From a Rothbardian standpoint, it must be said that this way of looking at things is entirely mistaken. People in a libertarian society own themselves and their legitimately acquired property, no more and no less. Everyone has these rights, and in this sense, it is permissible to say that people have equal rights, but to avoid confusion, it is better to say that everyone has the same rights. These rights emphatically do not include the “rights” to equal opportunity or equal results. They emphatically include the right to discriminate against others on grounds of race or sex.
We can go further. One criticism that is often made of equality of opportunity concerns the difficulties of putting this into practice. Everyone faces different opportunities: How are these to be measured? As Murray Rothbard observes with characteristic insight:
Many people believe that, though equality of income is an absurd ideal, it can be replaced by the ideal of equality of opportunity. Yet this, too, is as meaningless as the former concept. How can the New Yorker’s opportunity and the Indian’s opportunity to sail around Manhattan, or to swim in the Ganges, be “equalized”? Man’s inevitable diversity of location effectively eliminates any possibility of equalizing “opportunity.”
And if we could specify some rough notion of equality, putting it into practice would require drastic upheavals in people’s way of living that most of us would find unacceptable. For example, wouldn’t children have to be raised in common to avoid the influence of their families? Would the beautiful and intelligent need to be subjected to operations so that they would not excel over the rest? Related to this is the great economist Thomas Sowell’s point that we cannot achieve “cosmic justice.” We must do the best we can, accepting the limitations of human beings as we find them, rather than attempt to remedy all wrongs.
These criticisms are valid, but they do not strike to the root of the matter. They suggest, though they do not strictly imply, that the real failing of equality of opportunity is on the practical level. It’s a nice idea, but we just can’t do it. What we need to ask, instead, is why equality is supposed to be good at all? Suppose, as seems very likely, that in a libertarian society some people have vastly better “life prospects” than others. Is this better than a libertarian society in which people have roughly the same “life prospects”? Why should we assume this? We are never offered an argument that equality as such is good. We ought not to “accept the enemy’s premise” and then claim that we can better achieve equality, given its various risks and costs, than socialists and left liberals can do. I hasten to add that Rothbard himself was well aware of the point at issue and rejected the “ideal” of equality altogether.

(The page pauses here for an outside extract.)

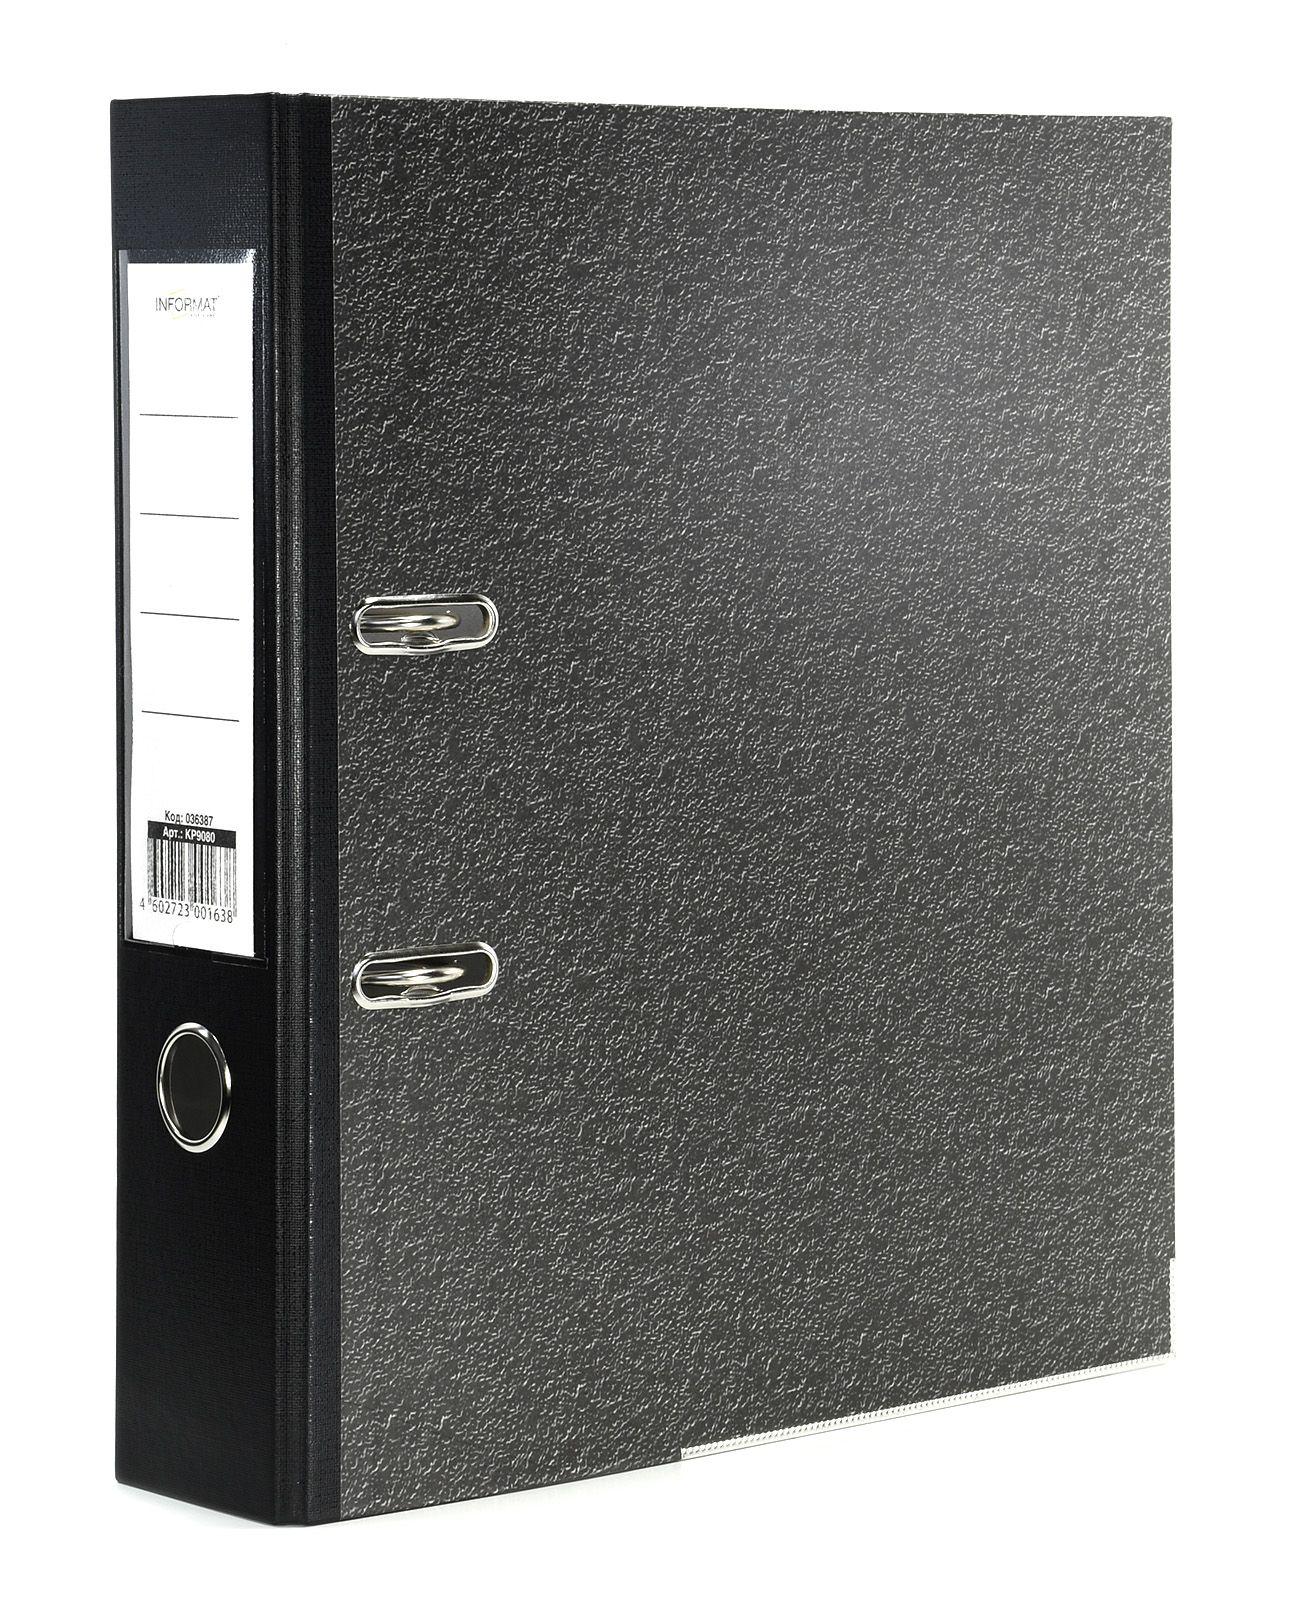 Папка-регистратор INFORMAT 75 мм бумага, черный мрамор

The matter is of more than merely theoretical importance, as once we accept equality of opportunity, we will be subjected to disputes before biased judges that we cannot win. David Davenport has explained the arguments:
But liberals argue that the government must engage in programs to increase equality of opportunity for the poor and disadvantaged, and also for ethnic groups that have been left behind in society. Johnson’s Great Society sought to move the federal government strongly in this direction, but history suggests that it is very difficult for government to move the needles on opportunity and equality. Government keeps adding to the social safety net and building out the welfare state in the hope of creating greater equality. Do we need to add universal health care to the social and economic agenda? Should we pay off everyone’s college debt? Conservatives argue that this is not the proper role of government and such programs do not work, but the debate and policy implementation continue.
We need to repeal the 1964 Civil Rights Act, and subsequent laws that extend this act, rather than work with the framework of the act, endeavoring to “reform” it. Only if we resolutely support our own conception of a libertarian society can we succeed. The devil is compromise!